The present prospective observational study aimed to identify the existence of successful cognitive agers among a group of well-defined cognitively healthy older adults (n = 354, mean age = 75 years), and to examine baseline individual-level predictors and associated health outcomes over time. Episodic memory (EM) and executive function (EF) composite scores and multiple health outcomes were obtained annually over 5 years. Potential individual-level predictors that were related to Alzheimer's disease pathology or genetic risk, neurodegeneration, and vascular risks were collected at baseline. Three latent classes with matched age and education were identified using growth mixture modeling: a group of participants who exhibited high, stable EM and EF (40.7% of the sample, "successful agers"); a group who had initial high cognitive performance that declined over time (21.2%, "declining agers"); and a group who had normal (EM) or poor (EF) but stable cognitive performance over time (38.1%, "low stable agers").
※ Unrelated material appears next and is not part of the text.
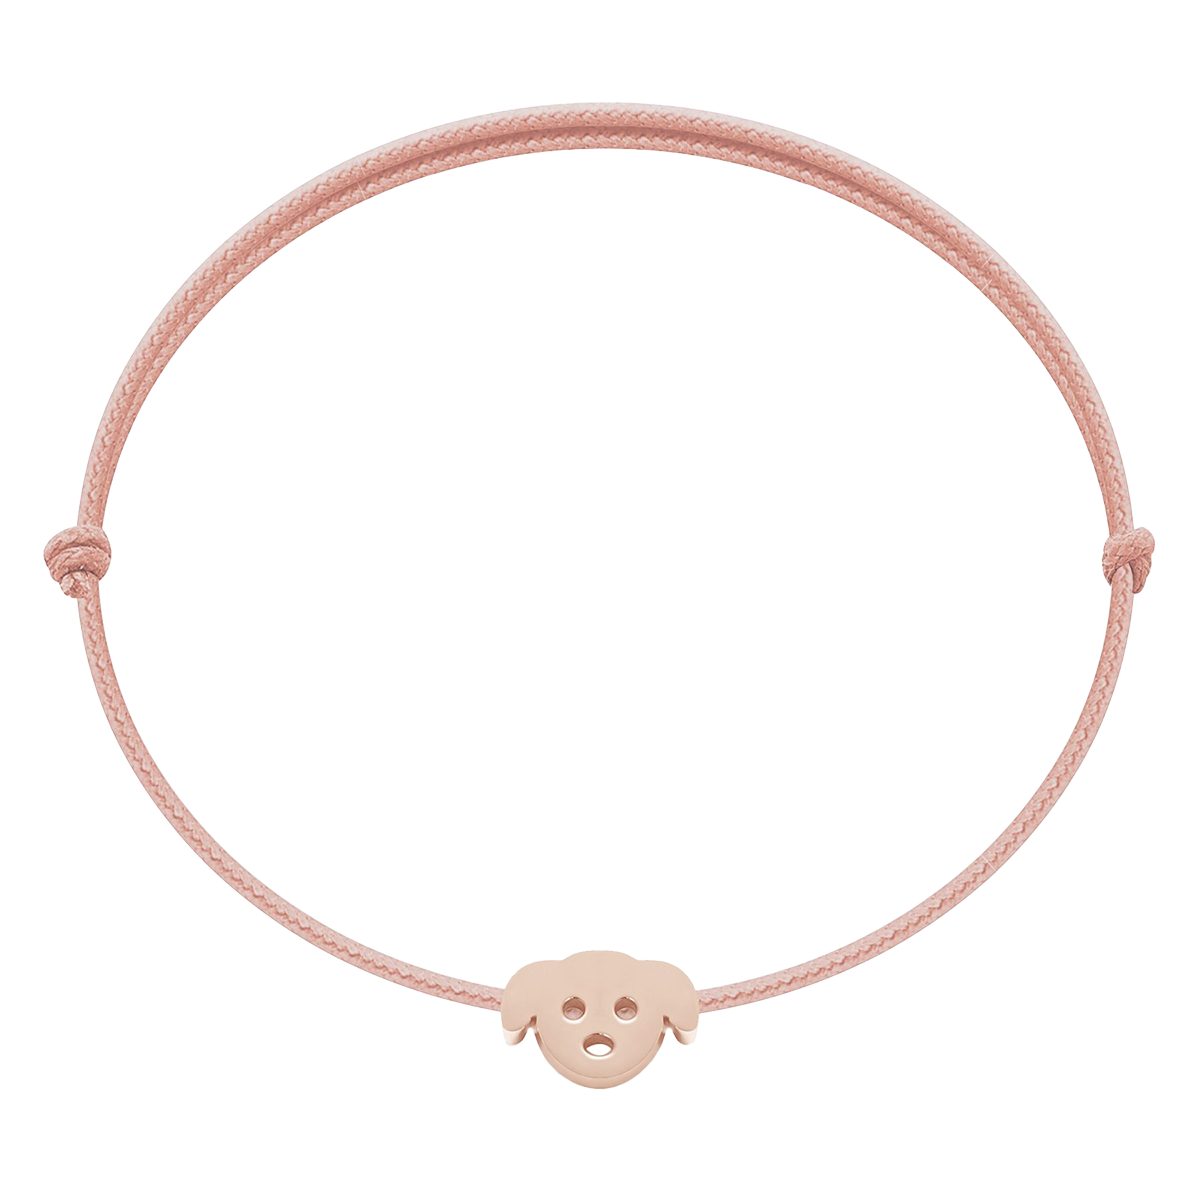 Bransoletka z pieskiem Etincelle, różowe pozłocenie, na cienki różowym sznurku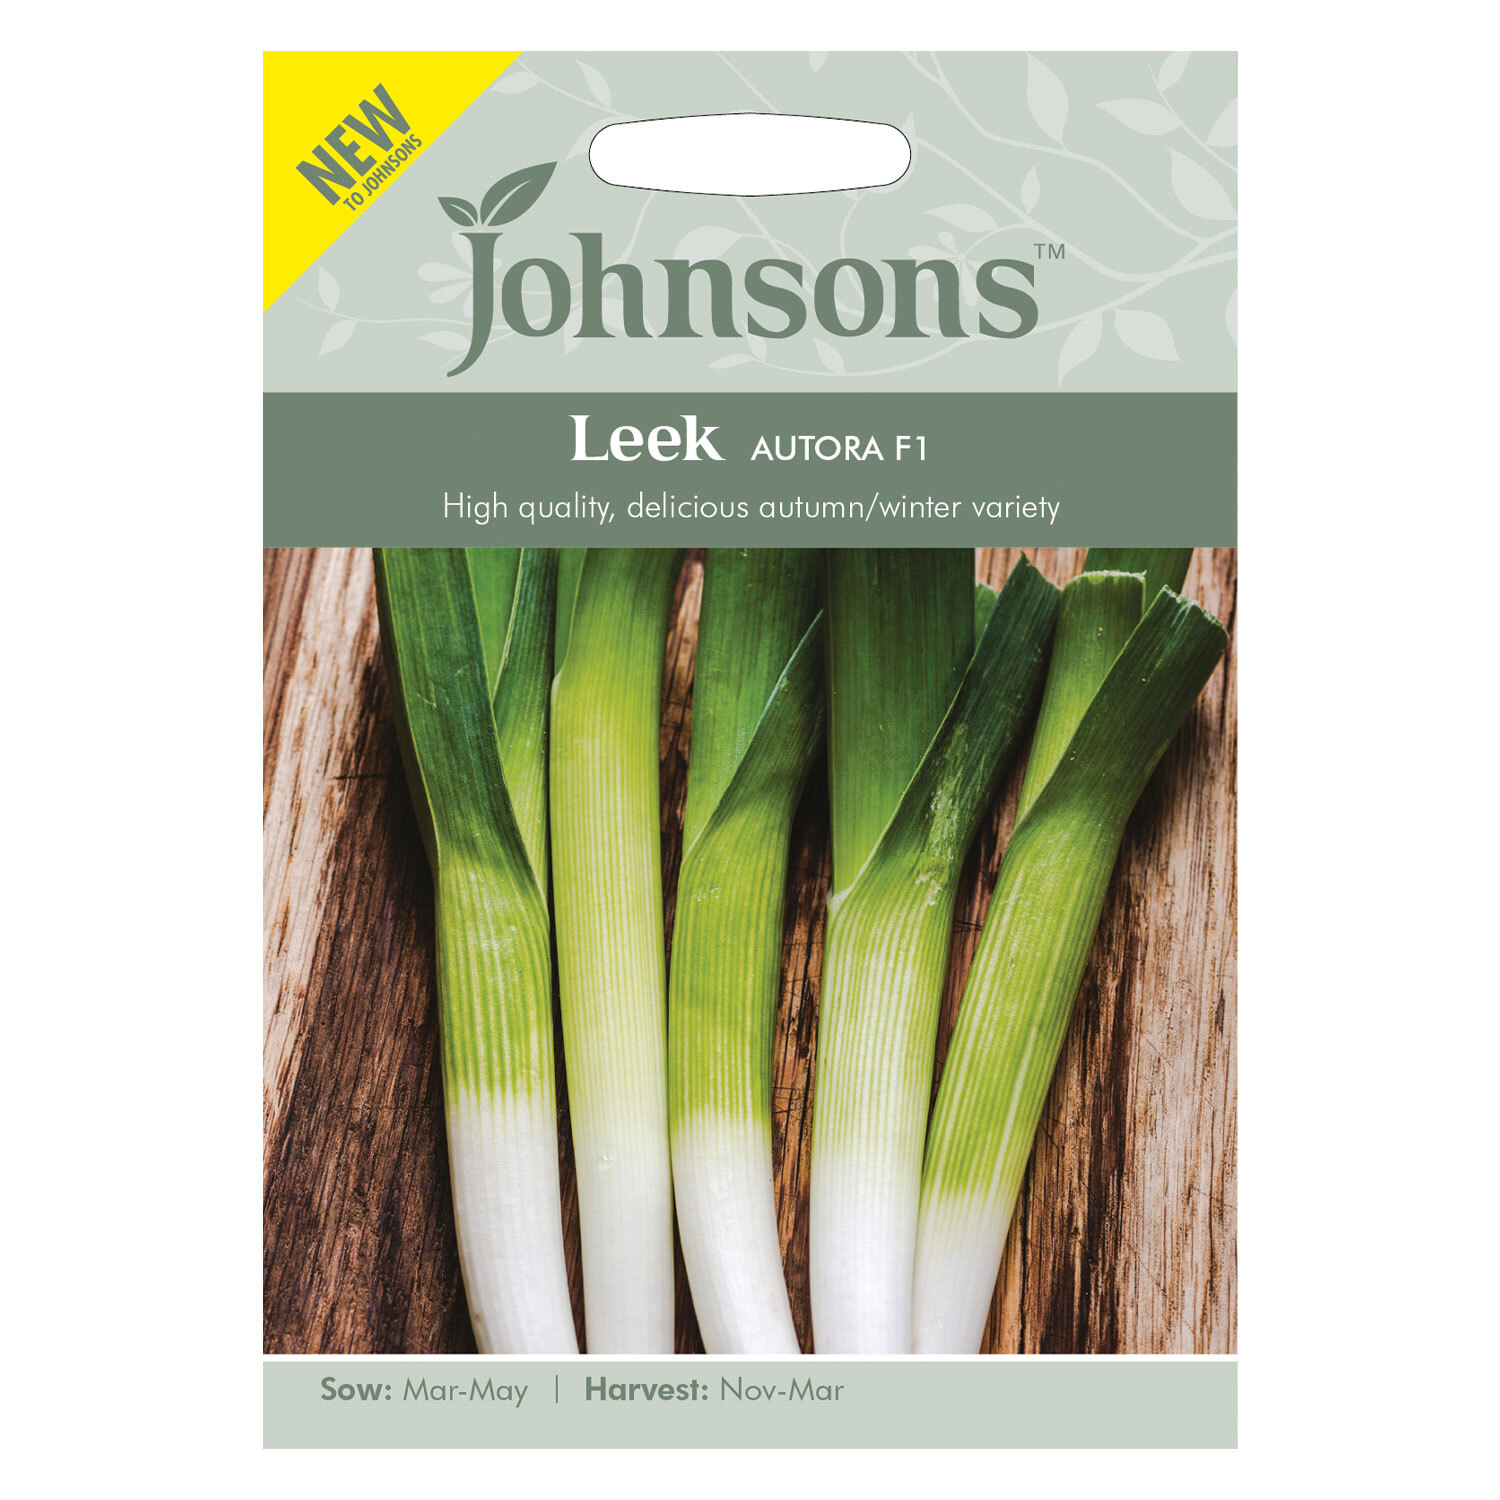 Johnsons Leek Autora F1 Vegetable Seeds Image 2

The group classification predicted significant differences in the incidence of global cognitive impairment, the development of at least one depressive symptom, and everyday functional impairment. Sex, apolipoprotein E allele 4, amyloid-β1-42, and t-tau significantly contributed to the difference in cognitive trajectories between the successful agers and the other two groups. Characterizing successful cognitive agers who are relatively resistant to both tau and amyloid pathology provides potential pathways for promoting successful cognitive aging and preventing cognitive decline.